's boy at
last. Come, Scotty, and mother will be seeing how big you are."
The old woman took the boy's sturdy brown hand in her own poor crooked
ones as well as she was able, and peered eagerly into his face.
"Eh, eh!" she cried musingly. "He will be some like Marget's lass, but
he's his faether's bairn; eh, he's got the set an' the look o' yon fine
English callant, forbye the MacDonald eyes."
The aforementioned MacDonald eyes drooped and the rosy MacDonald lips
pouted at the word English.
"He's awful nice, isn't he, Granma MacDonald?" whispered the little
girl.
The old woman gazed at the little fair face, and then back at the boy.
"Strange, strange," she murmured, half audibly. "It's a queer warld, a
queer warld, the twa here thegither, an' ane has a', an' the ither has
naething. Mebby the good Lord will be settin' it right. Och, aye,
He'll set it richt some way."
The children gazed uncomprehendingly at her, but just then Kirsty came
forward with a plate of bannocks soaked in maple syrup, and for a time
they gave it their absorbed attention.
Then Kirsty soon had to leave them for her work, and after giving the
children the freedom of the clearing, provided they did not go near the
well, she rearranged her mother's pillows very gently and returned to
the field.
The two sat silent by the bedside. Now that their feast was over, the
little girl looked with longing eyes through the doorway; but Scotty
felt constrained to wait a few minutes, for Granny had said that
Kirsty's mother was sick and lonely and needed comforting.

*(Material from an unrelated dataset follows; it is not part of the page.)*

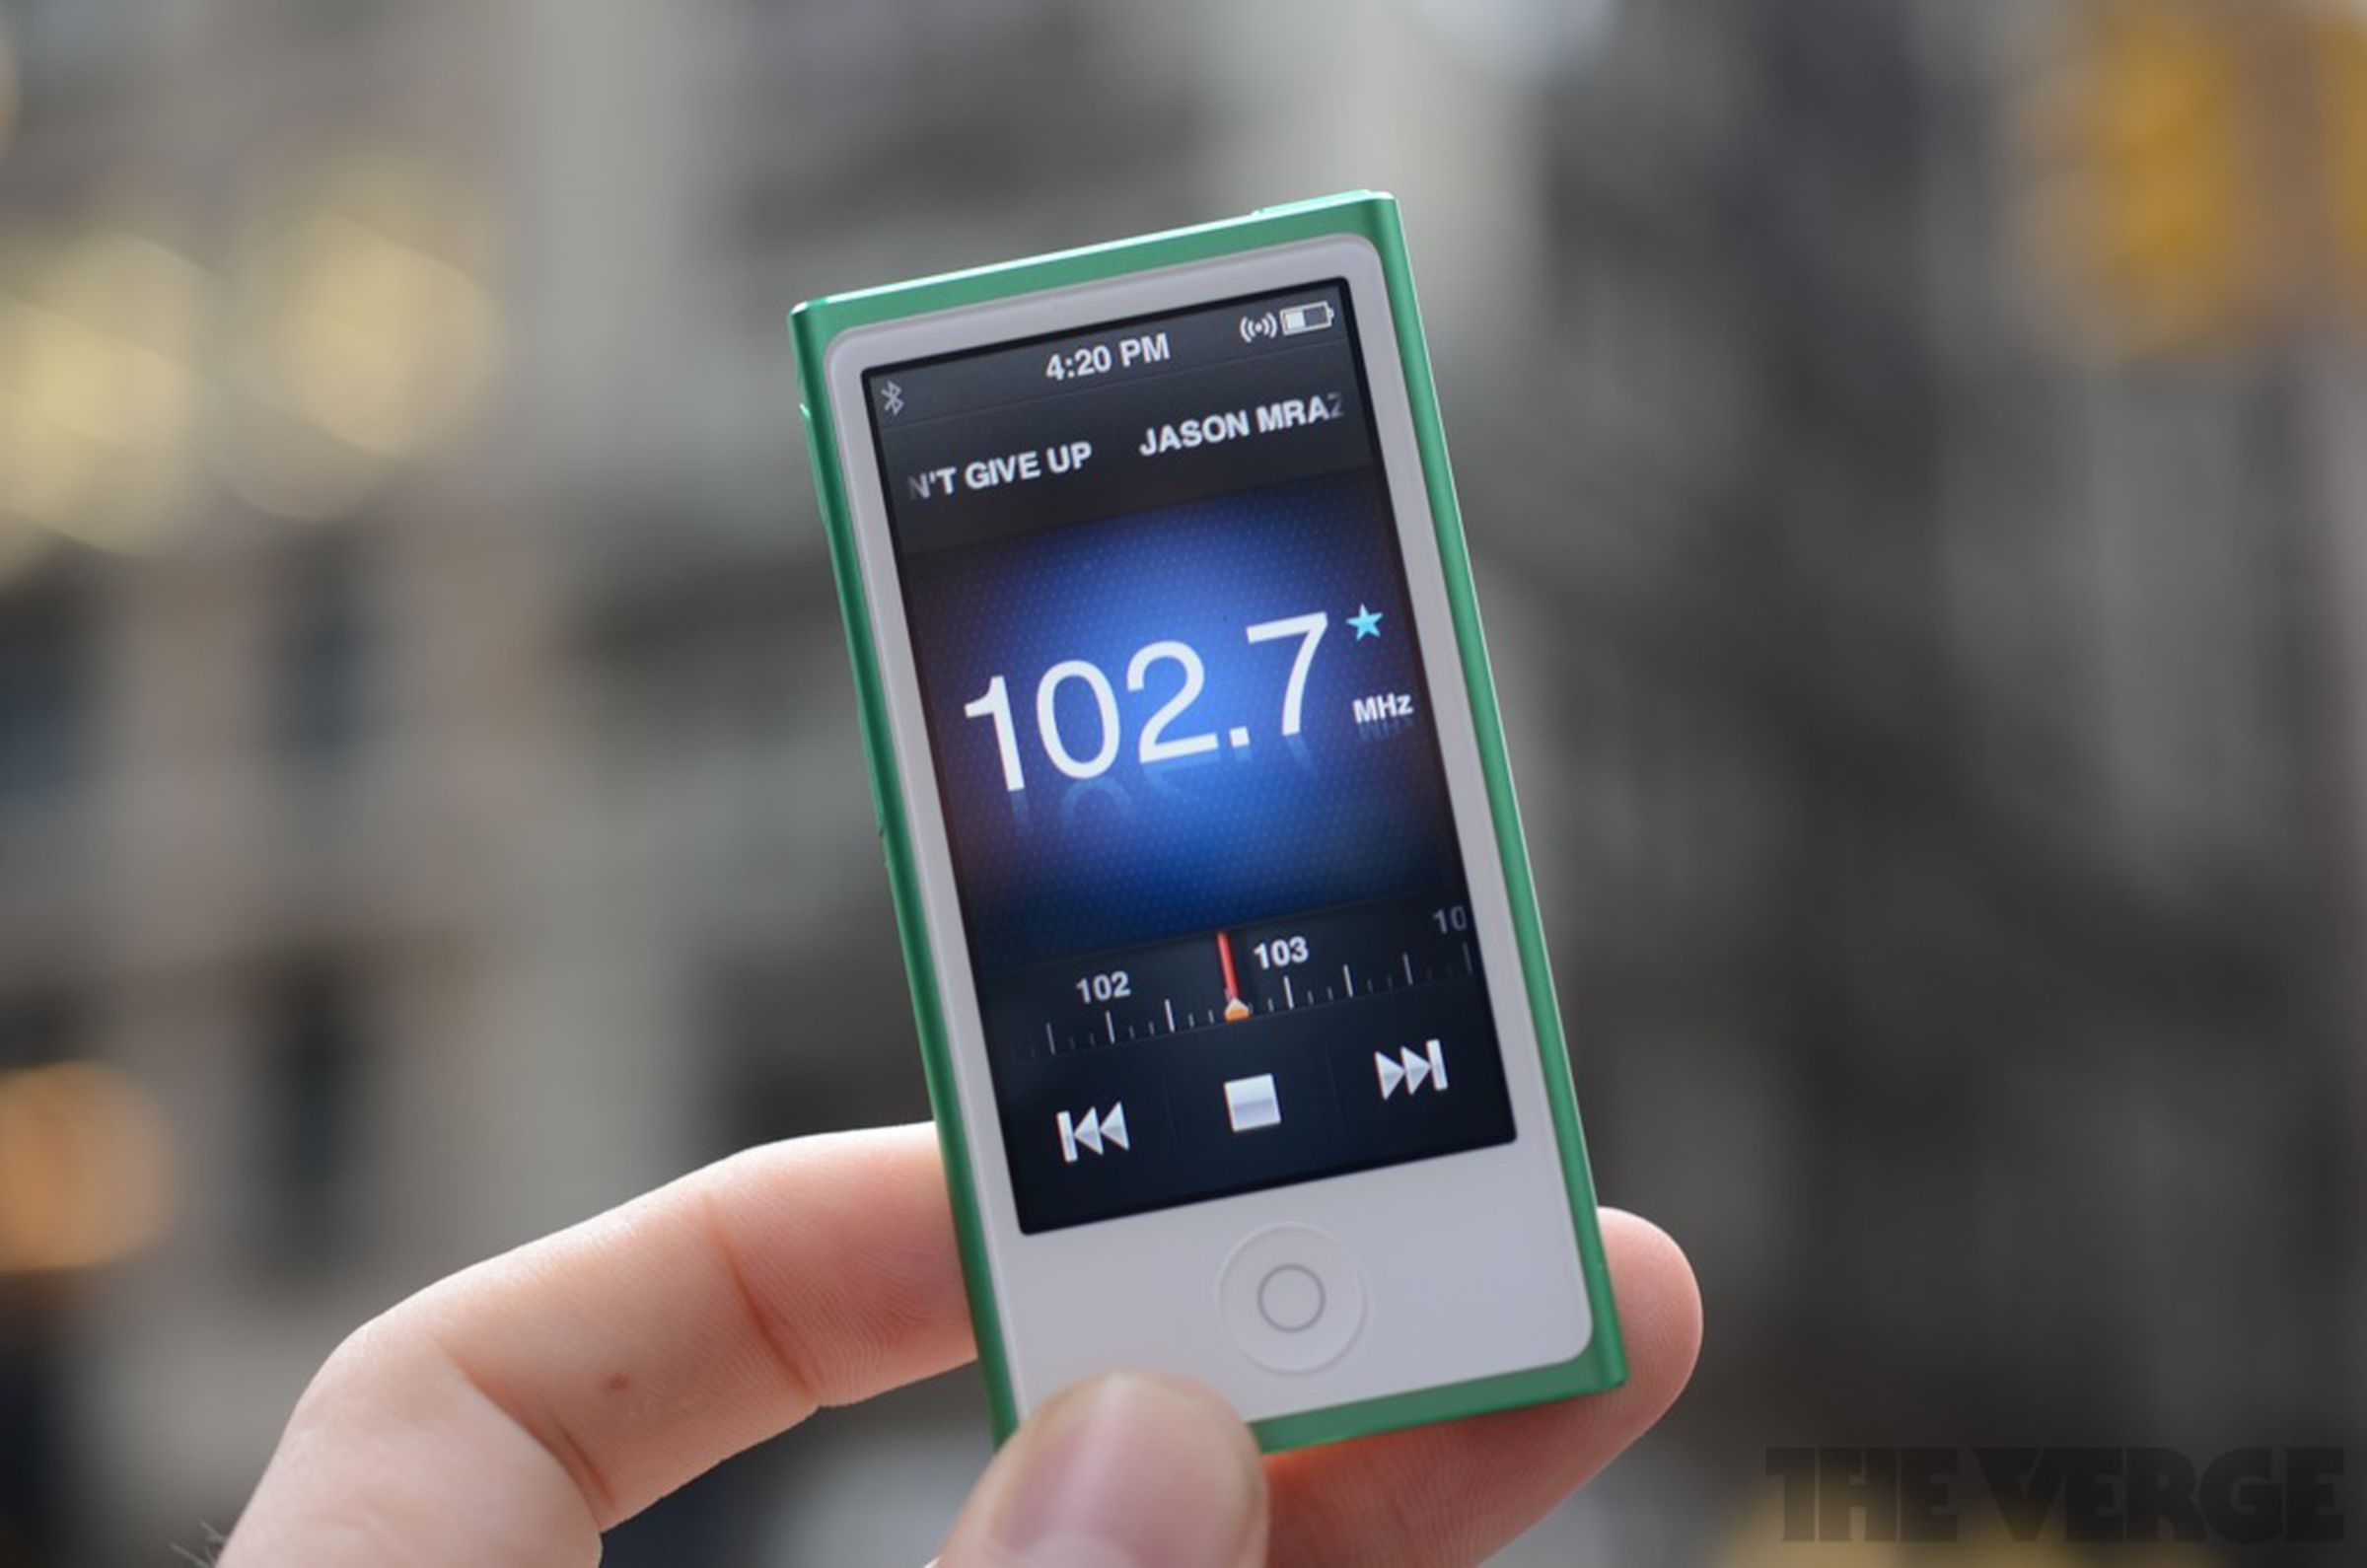 iPod nano pictures (2012)

The old woman looked up with sudden brightness in her eyes. "Can ye
read?" she asked eagerly. Oh, yes, Scotty could read, had been able to
do so for a very long time.
"I can read too, can't I, Granma MacDonald?" cried the little girl. "I
read to you sometimes, don't I?"
"Yes, yes, lassie, ye're jist a wee bit o' sunshine. Eh, what would
yer puir auld Granny do if ye didna come to see her in the simmer? But
Ah want the laddie to read me the wee bit that Kirsty reads me; ye ken
it, bairnie?"
She pointed to the old worn Bible lying on the window sill, with a
drowsy blue-bottle fly droning about it. The little girl tripped over
and brought it to Scotty.
"I know the place, Granma, don't I?" she chattered; "it's got the blue
mark in it. There!" Her rosy finger pointed to a well-worn page,
marked by a piece of woven scented grass.